Há milênios, o blog da Lola perguntou como nasceu meu feminismo. Eu nunca nem soube que eu era feminista. Mas agora que esse sentimento correu de novo nas minhas veias (pelo ignóbil motivo de que uma amiga querida acabou de viver exatamente o mesmo episódio), eu lembrei. Foi assim.
6 comentários:
Queria Carol, quando , ainda solteira, fui morar em Paris com uma bolsa de estudos, meu pai me alertou: ande sempre com gente de sua idade;cuidado com os velhos. Fique atenta, no metro, nas viagens, cuidado com os velhos. Fiquei chocada: como assim???? os velhinhos não eram todos pessoas benfazejas e protetoras? Não, não são. Triste, não é?
É estranho. Em casa nos dizem que o mundo não é cor de rosa... Mas no fundo a gente só acredita vendo. Eis a boa e velha experiência de vida... Só chega com o tempo...
Acredito que o mundo é de todas as cores, com todos os degradês possíveis. E por que conhecer só a parte cor de rosa?
Também tenho mania de viajar por aí sozinha de vez em quando. E também já passei muitas vezes por situações como essa, em que alguém se aproxima com um sorriso no rosto, uma conversa legal e depois revela intenções que não desejamos.
Algumas dessas experiências estão narradas no meu blog:
http://viagensdagabi.blogspot.com/2010/11/primeiro-encontro.html
http://viagensdagabi.blogspot.com/2010/10/san-matias-parte-ii_22.html
Mesmo assim, vale a pena! Mulher ou homem, ninguém tem que ficar em casa com medo do mundo, com medo das matizes que podemos ver por aí. Sair de casa é conhecer a diversidade, é encontrar novas realidades, que nos tornam mais completos.
Abraços!
Pois é Carol, eu entendi que somos uma "minoria" no sentido de grupos sociais quando li que "apenas por sermos mulheres podemos sofrer violência". Que não importa nossa cor, credo,idade, classe social, se somos gordas ou magras,lindas ou feias, podemos ser agredidas porque somos mulheres. E o bom exemplo é como toda mulher que anda sozinha de noite, se depara-se com um grupo de homens, sentira' medo. Acho que foi assim que me tornei feminista. Porque agredida ja' tinha sido antes, mas perceber que era uma questão de gênero, veio depois....
Viajar sozinho é uma experiência única, ímpar, estimula a reflexão, te faz romper a timidez, gnahar o mundo, te faz desmitificar várias coisas que parecem ser ruins - e não são - e que parecem ser boas - -e não são exatamente.

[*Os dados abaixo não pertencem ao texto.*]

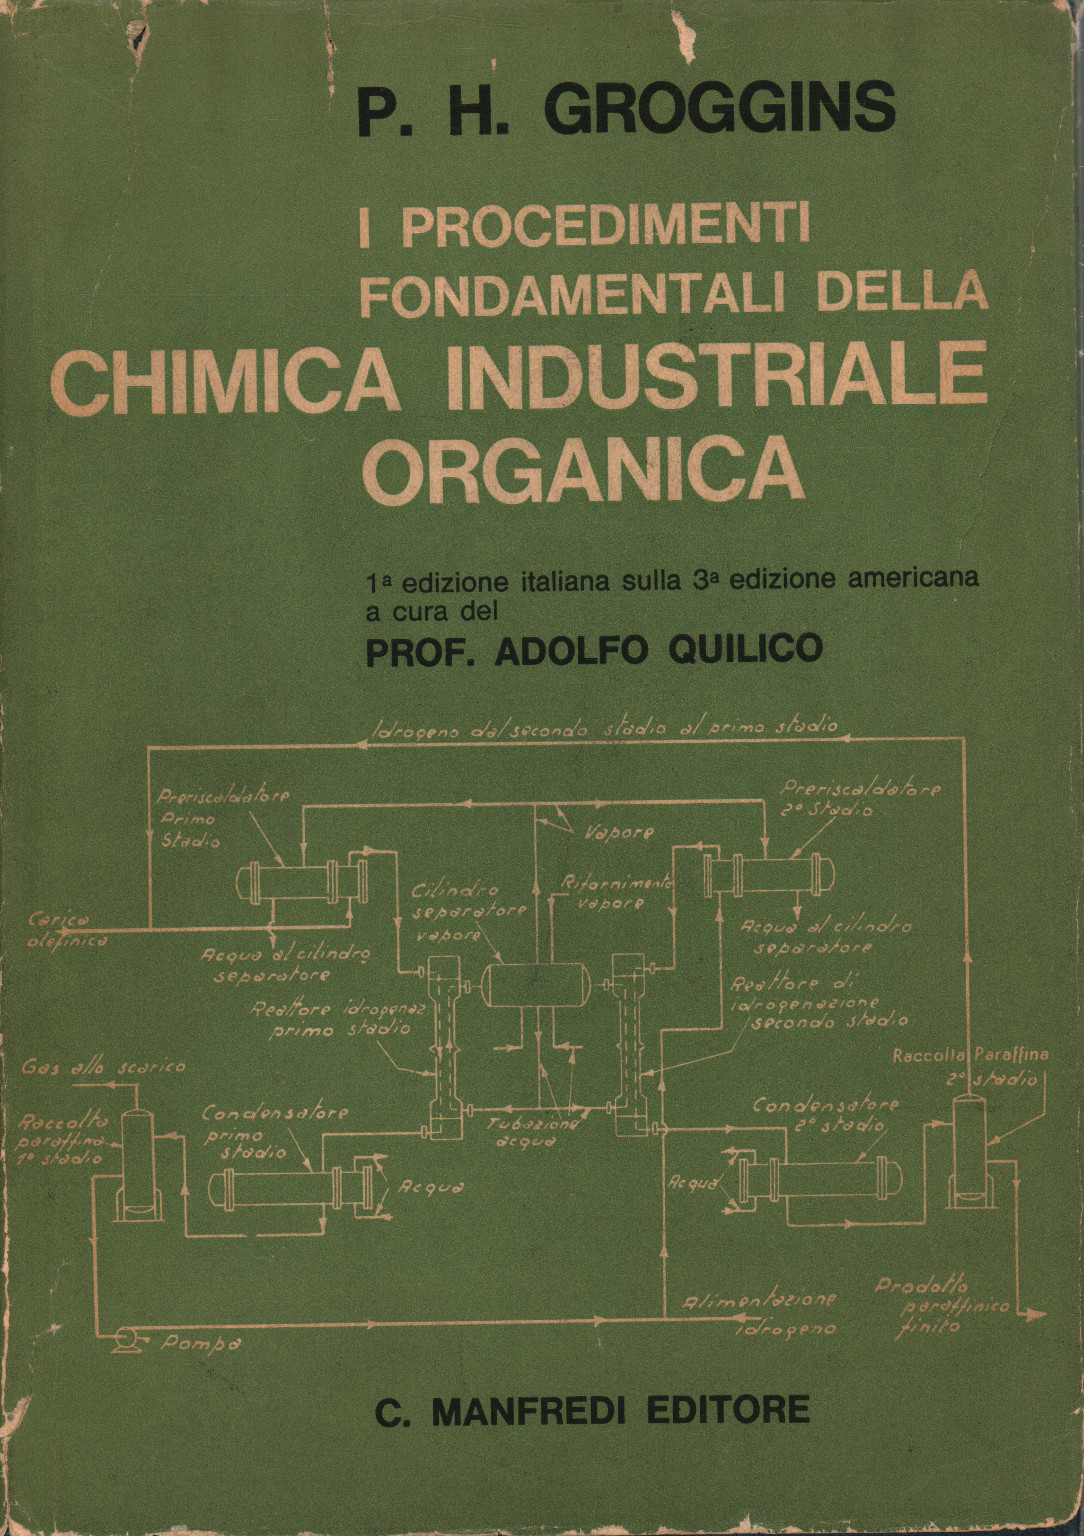 The fundamental processes of the chemical industry, s.a.

No seu caso, infelizemtne, a vida da mulher (ainda mais uma mulher linda e simpática como você) ainda é exposta a esse tipo de coisa. Falo isso pra minha namorada: você fala com todo mundo, sorri pra todo mundo, puxa papo com todo mundo. Mas vira e mexe alguém confunde as coisas. E vira e mexe, ela sabe, acontece isso mesmo. Não tem como negar. Mas com o tempo e jogo de cintura, você tira isso de letra.
No fim das contas, é tudo experiência.
Te adoro!! Beijos!
Fê, com isso você quer dizer que mocinhas feias, gordas ou simplesmente que não sorriem pras pessoas estão a salvo desse "problema"? Seria tão fácil se fosse assim!

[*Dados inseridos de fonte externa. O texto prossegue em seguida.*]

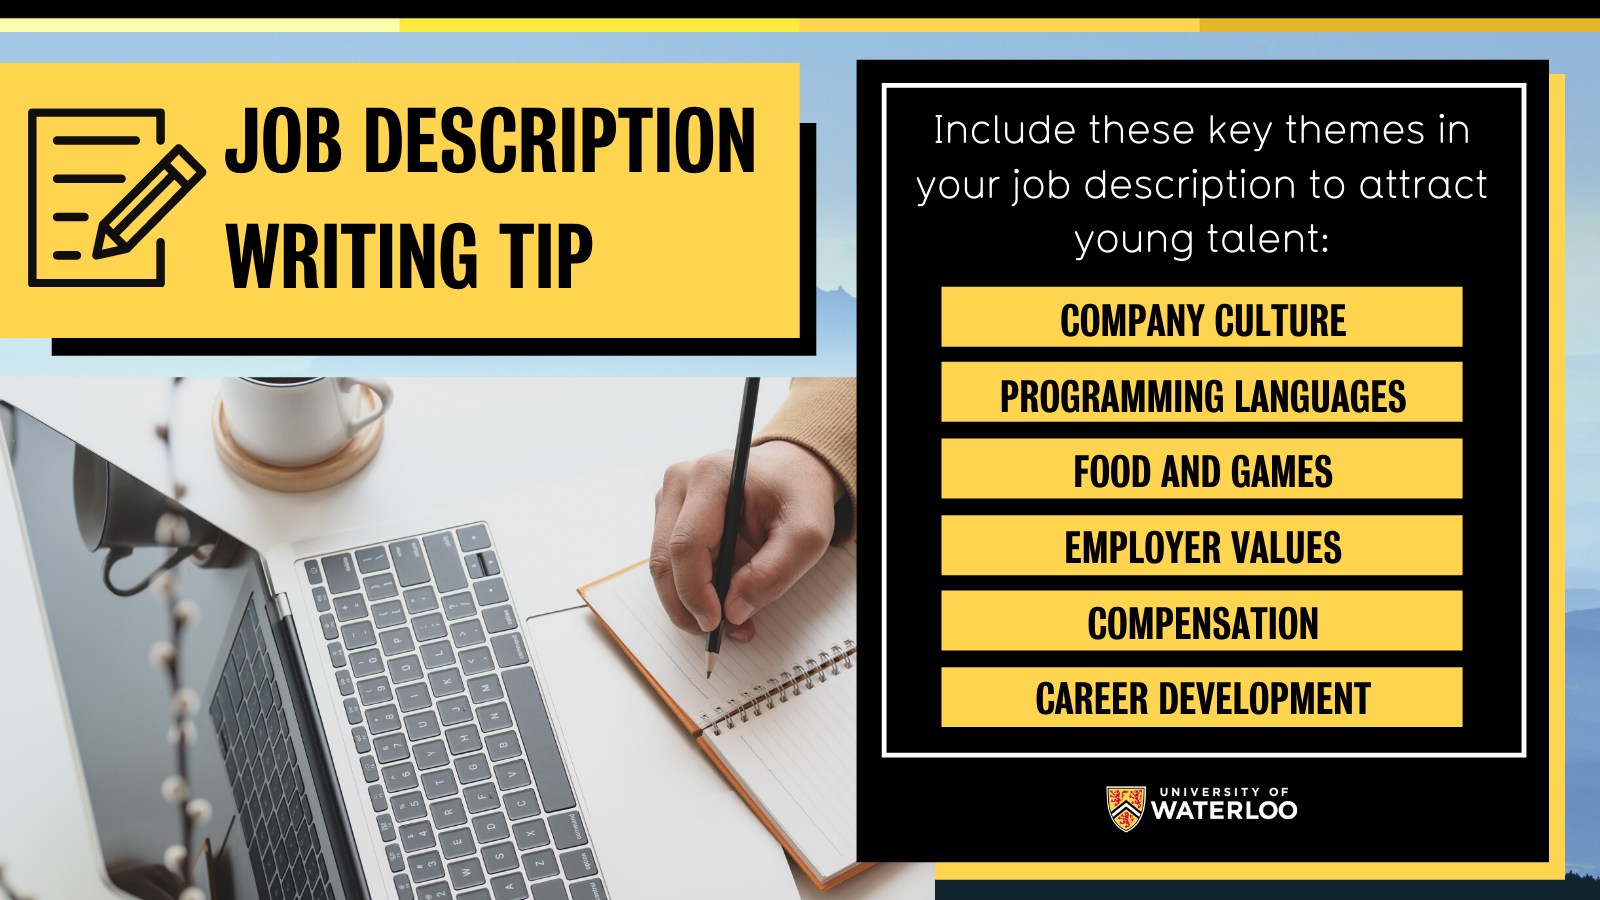  1) company culture, 2) programming language, 3) food and games, 4) employer values, 5) compensation, and 6) opportunities for career development.

Gabi, totalmente de acordo! Eu não desisti, não, estou muito muito longe de achar que o mundo é mau. Muito pelo contrário. Faço questão de exercitar a minha liberdade de mulher pós-feminismo. A gente tem que viver tudo - e continuar botando a boca no trombone para que um dia o nosso tudo feminino seja tudo mesmo. Mas pra isso é preciso enxergar o machismo, coisa que uma parcela absurda das pessoas (inclusive mulheres) prefere não fazer. Beijos a todos!